* _Work order_:
In the listing that follows, the range to quote begins at the line that has "DAGCOT Aluminum Hard" and ends after the line that has "Стретч-антистресс Goo Jit"; quote it verbatim and add nothing.

* _Data_:
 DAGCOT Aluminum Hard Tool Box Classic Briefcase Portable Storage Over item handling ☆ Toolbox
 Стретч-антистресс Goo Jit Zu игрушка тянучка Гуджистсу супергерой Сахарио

--

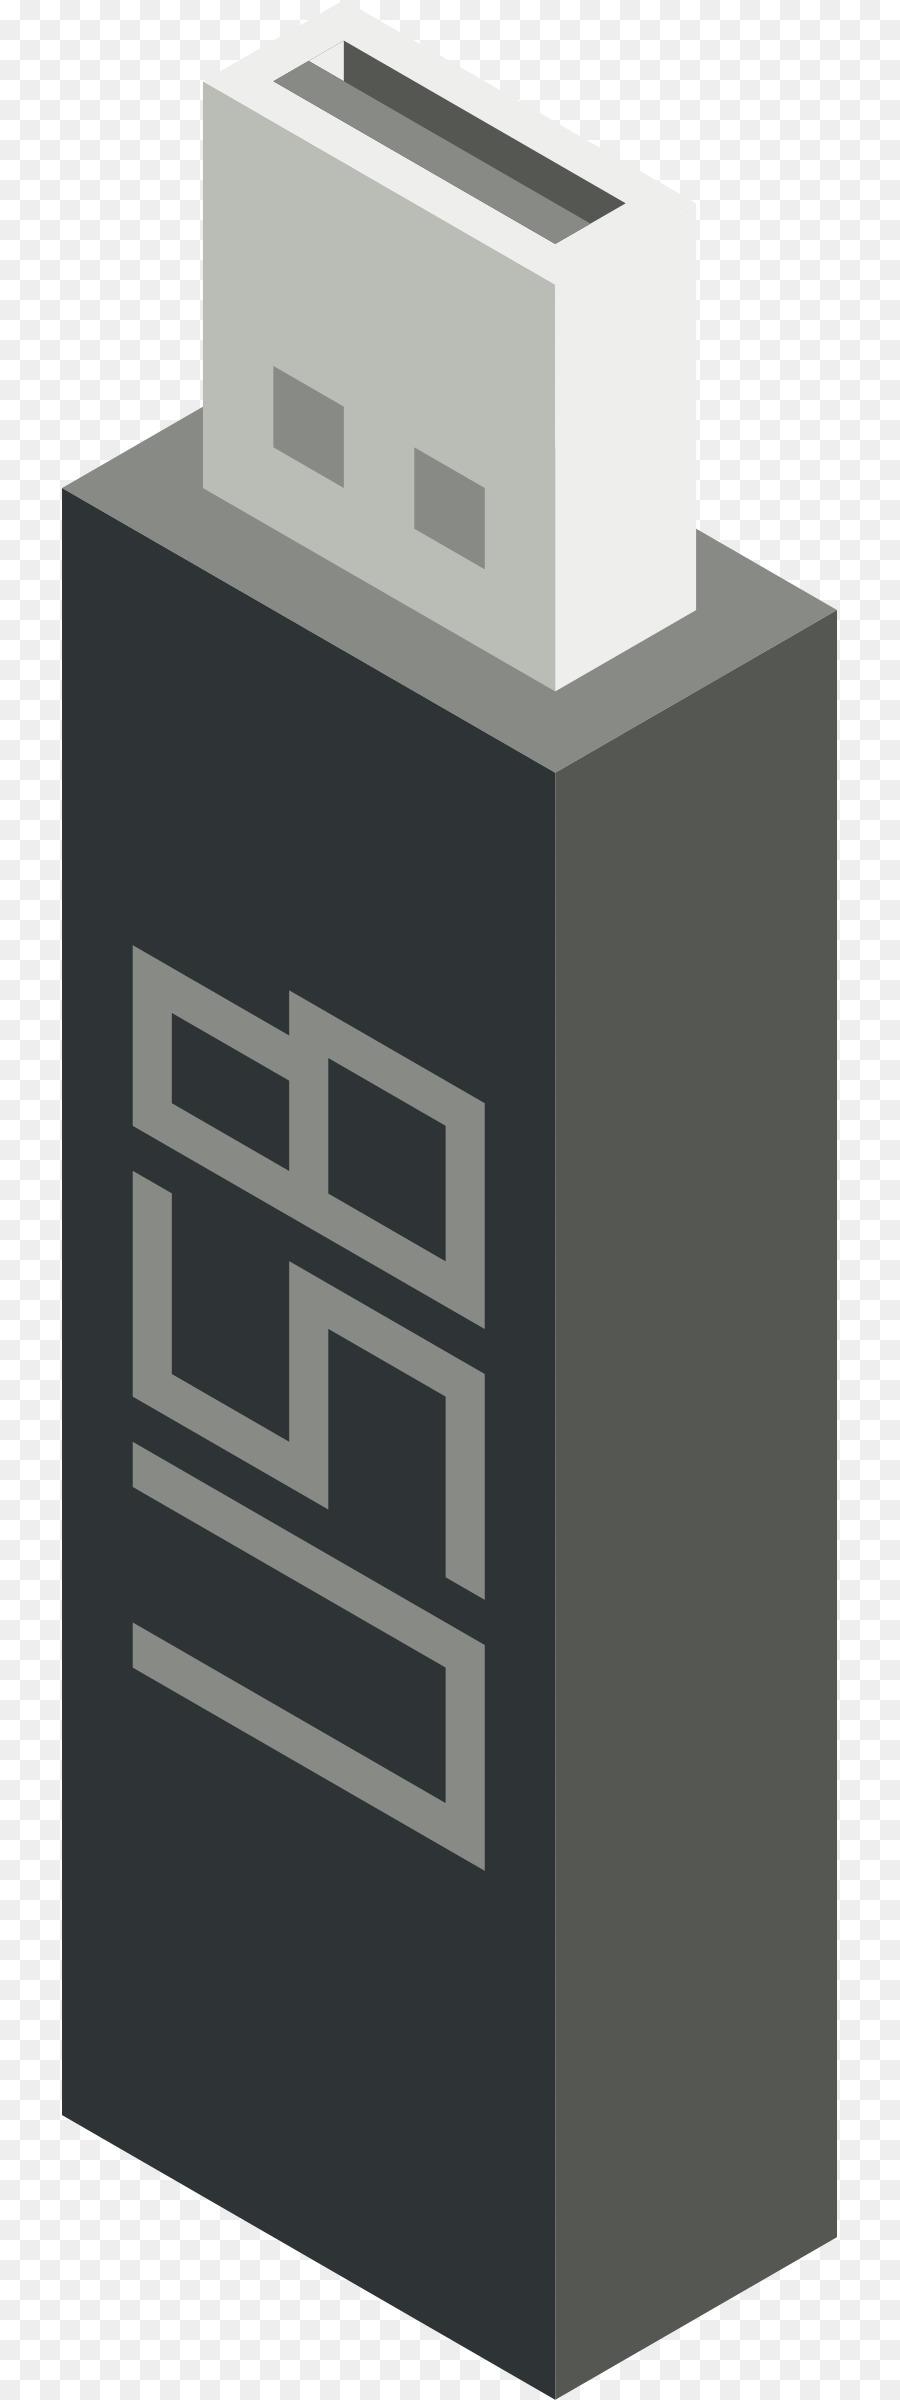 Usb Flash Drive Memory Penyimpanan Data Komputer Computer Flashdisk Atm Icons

* _Solution for this task_:
 DAGCOT Aluminum Hard Tool Box Classic Briefcase Portable Storage Over item handling ☆ Toolbox
 Стретч-антистресс Goo Jit Zu игрушка тянучка Гуджистсу супергерой Сахарио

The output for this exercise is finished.